Нет, они могут любить кого-то одного подольше, но это не значит, что они всю жизнь оплакивали бы его смерть или даже пришли на похороны. Они были рождены для минутных утешений, для удовольствий, доставляемых прежде всего самим себе. Ты был темный, непонятный предмет в ночи, который они приспосабливали к себе, как хотели, и отшвыривали, если им не удавалось приспособить.
И хотя она все время плакала, что является для тебя вещью, вещью был ты, потому что центром притяжения, смыслом притяжения являлись они. Они диктовали, они решали, они выбирали, они мучили.
И самым мучительным было не знать, что они думают о тебе, когда ты уходишь, и позволят ли еще раз вернуться.
Что им было надо? Что они испытывали, теряя, что — находя?
— Когда я иду рядом с тобой, у меня все время мокро, вот здесь.
И он обожал их за откровенность желаний и не понимал, как это можно вот так просто взять и признаться.
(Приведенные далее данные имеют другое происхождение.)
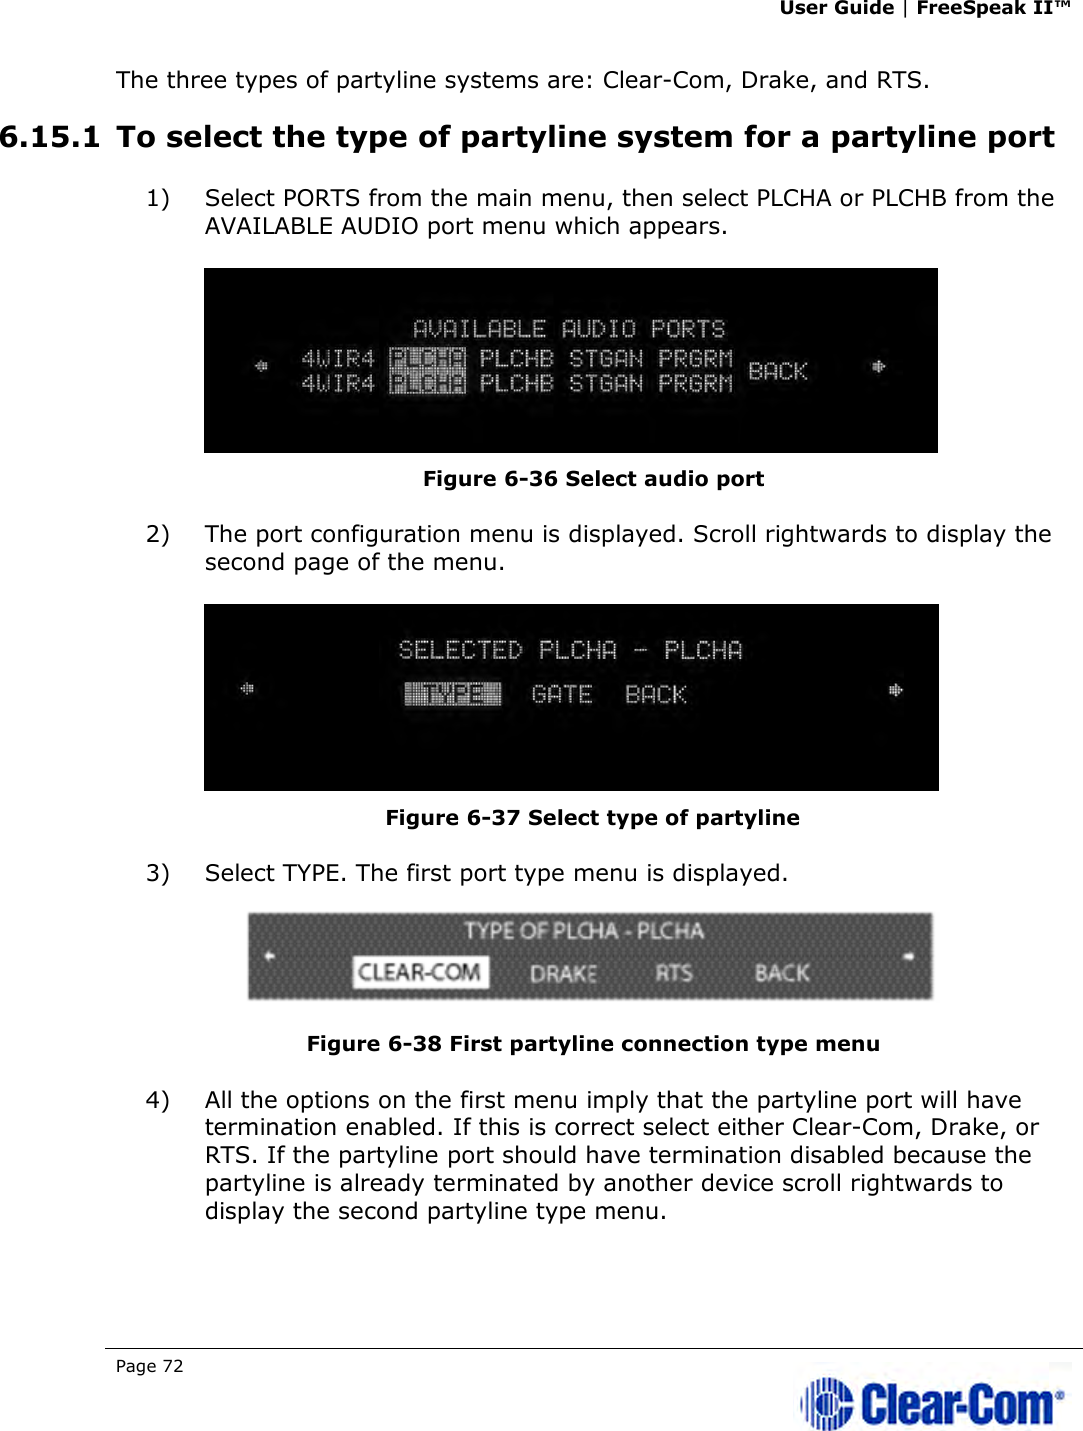 User Guide | FreeSpeak II™  Page 72   The three types of partyline systems are: Clear-Com, Drake, and RTS.  6.15.1 To select the type of partyline system for a partyline port 1) Select PORTS from the main menu, then select PLCHA or PLCHB from the AVAILABLE AUDIO port menu which appears.  Figure 6-36 Select audio port 2) The port configuration menu is displayed. Scroll rightwards to display the second page of the menu.  Figure 6-37 Select type of partyline  3) Select TYPE. The first port type menu is displayed.  Figure 6-38 First partyline connection type menu 4) All the options on the first menu imply that the partyline port will have termination enabled. If this is correct select either Clear-Com, Drake, or RTS. If the partyline port should have termination disabled because the partyline is already terminated by another device scroll rightwards to display the second partyline type menu.

Он учился у них свободе — единственному, чем они обладали в полной мере. Он не боялся подчиниться их выбору и всегда был вознагражден нежностью, но редко, очень редко любовью. Он никогда не нападал, не насиловал. Он отдавался.
— Ты должен был бы родиться женщиной, — говорили они.
А он знал — для того чтобы понять женщину, действительно нужно родиться женщиной. Настоящий мужчина — всегда немножечко женщина.
Все остальное — игры бицепсов, гладиаторов, отсутствие тайны, все остальное — случка, но не та, внезапная, от тоски, в траве, когда тебя призывает солнце и не отвертеться, а механическая демонстрация возможностей.
Он не завидовал сильным, он мог завидовать нежным, если бы не знал, что никого в мире нет нежней, чем он.
РАЗГОВОР О ЗАРЫТИИ ПОКОЙНИКА.
Тот неоприходованный покойник из оврага на Васильевском ходил и спрашивал:
— Чей я? Примите меня, пожалуйста. Я не ваш?
— Убирайся к черту! — отвечали ему.
— Меня надо бы похоронить, — просил он. — Похороните меня, пожалуйста. Дорого стоить я вам не буду. Если вы признаете меня родственником, департамент полиции вам еще и премию даст. Я им очень надоел.